UV-damaged-DNA-binding activity in STAGA. (A) UV-dependent DNA-binding activity in STAGA. EMSA analysis of DNA-binding activities in M2-purified STAGA (lanes 4 to 6) and in the control M2 mock-purified fraction (lanes 1 to 3) with a ³²P-labeled DNA probe that was either untreated (lanes 1 and 4) or irradiated with increasing UV doses (5,000 J/m² [lanes 2 and 5] and 15,000 J/m² [lanes 3 and 6]). F, unbound free probe; B1, specific protein-DNA complex. (B) EMSA with M2-purified STAGA as in panel A with an untreated (-) and a UV-treated (+; 15,000 J/m²) probe and in the absence (-) and presence of unlabeled competitor (Comp) DNA probe (about a 10× molar excess) that was either untreated (UV⁻) or UV irradiated (UV⁺, 15,000 J/m²). (C) Chromatographic separation of distinct STAGA complexes. Two STAGA purification schemes are presented, starting from nuclear extracts (NE) of fh:SPT3-expressing cells as described in the text. Silver-stained SDS-PAGE gels containing the different STAGA fractions are shown.

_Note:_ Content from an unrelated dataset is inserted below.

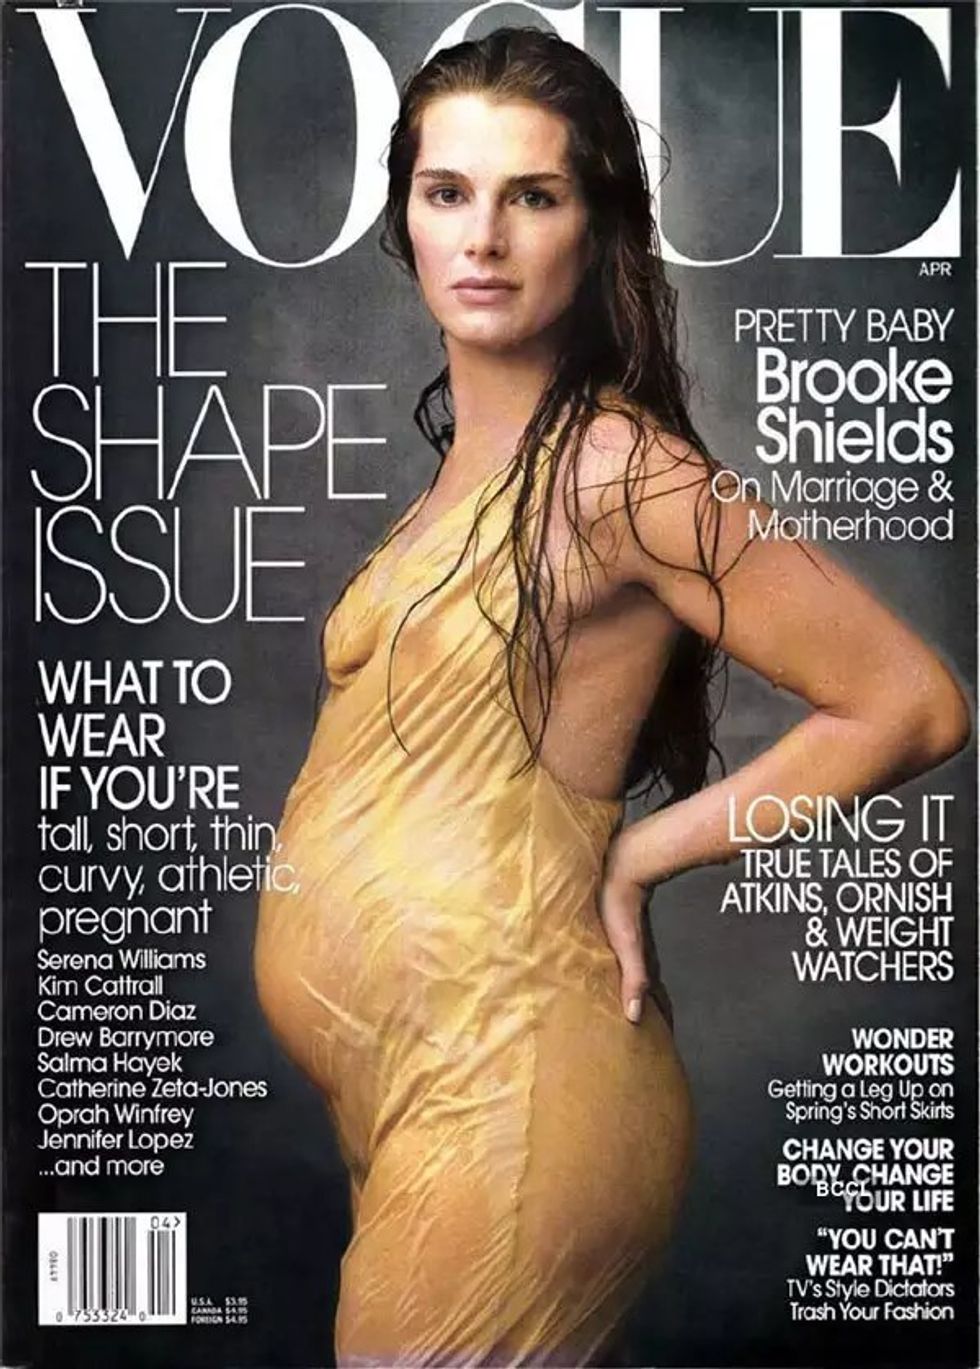 Brooke Shields Today: Vogue Cover Pregnant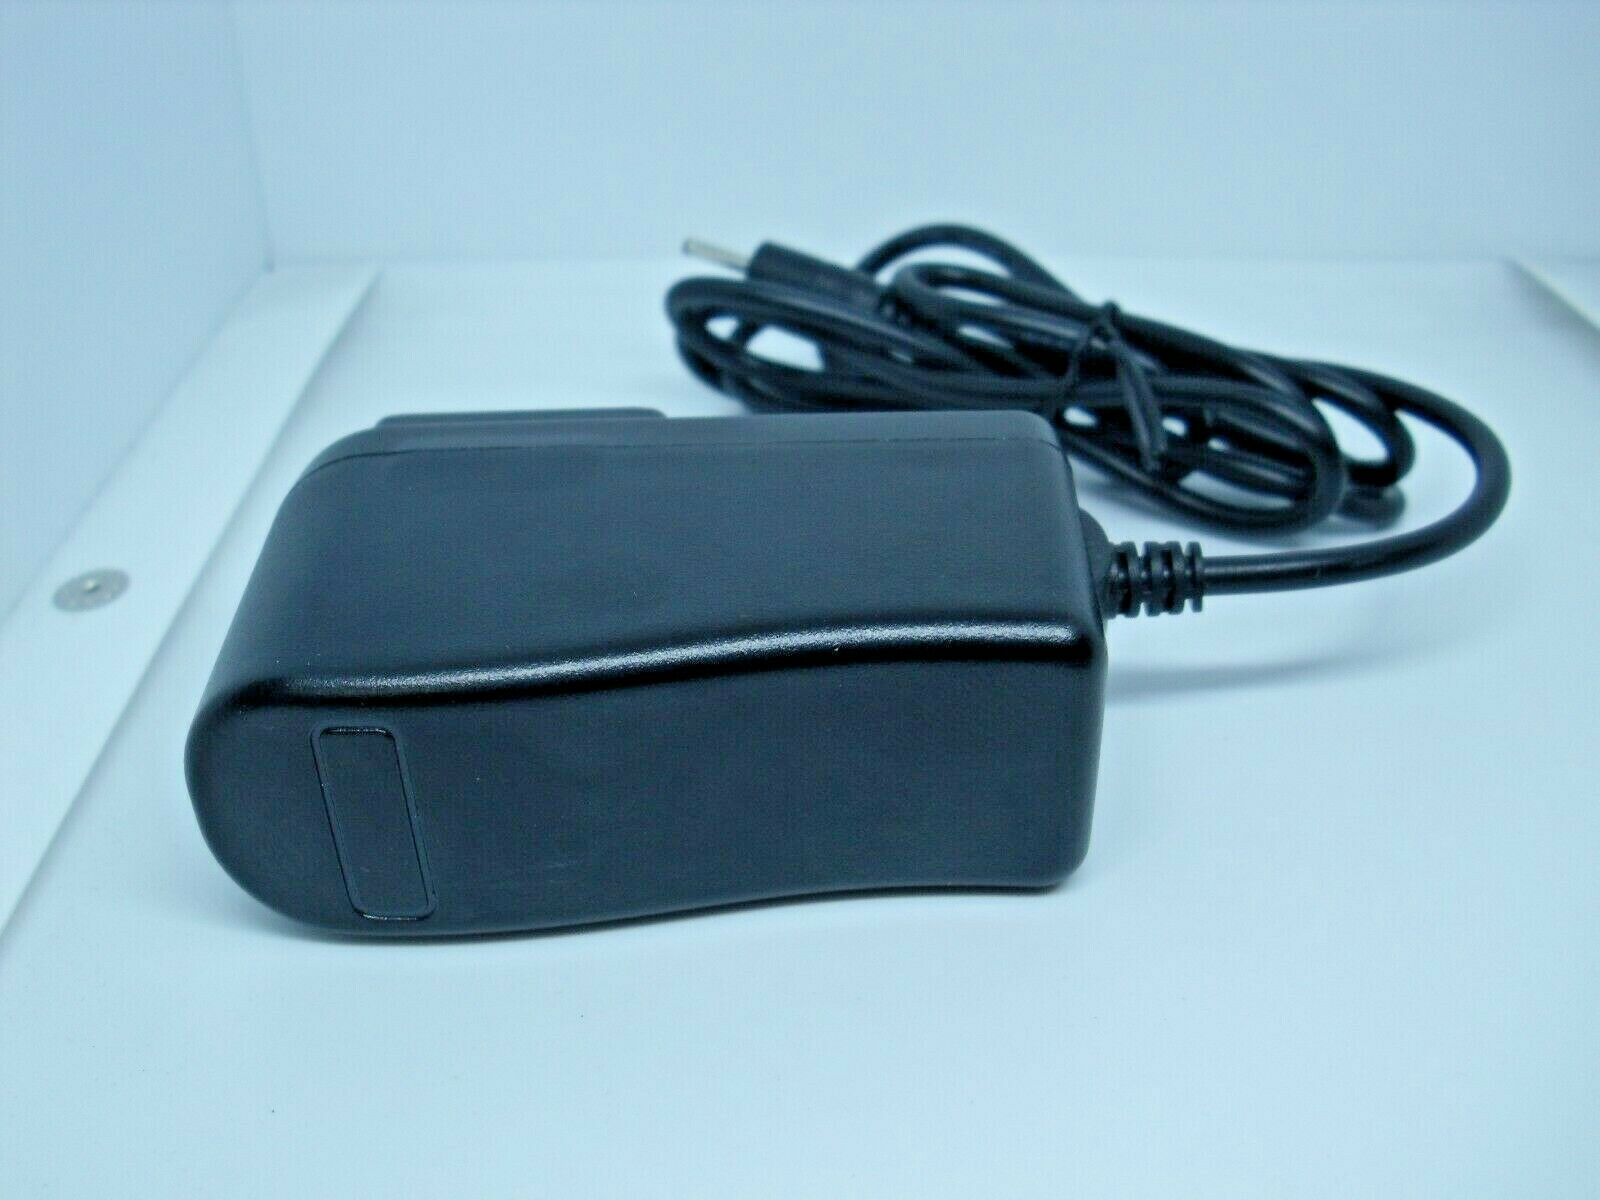 AC DC Power Supply Adapter THX-050200KE Output 5v 2A Thin Plug USA SELLER Type: Adapter Features: new Cable Length: - Click Image to Close

Input, M2-purifed STAGA complex (6 μl); FT, S-Sepharose unbound fraction (10 μl). The numbers 1 to 12 indicate S-Sepharose fractions (6 μl each). STAGA-s (8 μl) lacks SAP130. (D) SAP130 does not correlate with the UV-dependent DNA-binding activity in STAGA. EMSA analysis was done with STAGA fractions (5 μl each) in panel C with UV-irradiated (+, 5,000 J/m²) and nonirradiated (-) DNA probes. The left and right panels are EMSA results with the same probe run on the same gel but autoradiographed for 12 and 1 h, respectively. After normalization to TRRAP content, the UV-dependent DNA-binding activity in STAGA-s (lane 11) is about 10 times higher than that in the S-Sepharose fraction 10 (lane 9).

FIG. 7

STAGA associates with UV-DDB factors in vivo and in vitro. (A) DDB1 contributes to the UV-dependent DNA-binding activity in STAGA. EMSA analysis was done with a UV-irradiated DNA probe and either buffer (lanes 1 to 3) or purified STAGA-s (lanes 4 to 7) that was untreated (lanes 1 and 4) or preincubated with either normal rabbit serum (normal), rabbit anti-DDB1 peptide 1 antibodies (anti-DDB1/P1), or rabbit anti-DDB1 peptide 2 antibodies (anti-DDB1/P2). F, unbound probe; B1 and B2, specific protein-DNA complexes; B2-Ab, specific B2-antibody complex. (B and C) Endogenous DDB1 and DDB2 associate with epitope-tagged STAGA in HeLa nuclei. Western blot analysis of anti-FLAG/M2 immune precipitates from nuclear extracts of either normal HeLa cells (lanes 1) or HeLa cells stably expressing fh:SPT3 (lanes 2) is shown. (B) An asterisk indicates a nonspecific product (lanes 1 and 2). (C) SAP130, DDB2 (p48), and TFIIEα in crude nuclear extracts (NE, lanes 3 to 4) and in immune precipitates (lanes 1 to 2). (D) Endogenous STAGA associates with epitope-tagged DDB1 in HeLa nuclei. A Western blot of anti-FLAG/M2 immune precipitates from nuclear extracts of HeLa cells left untransfected (control) or transiently transfected with an f:DDB1 expression vector is shown. PARP, poly-ADP-ribose polymerase; NE, crude HeLa nuclear extract. (E) GST-DDB1 recruits DDB2 and STAGA components (GCN5L and hSPT3) from nuclear extracts in vitro. Western blot analysis of pull-down assays using a HeLa nuclear extract and either GST or GST-DDB1 proteins immobilized on glutathione-agarose is shown.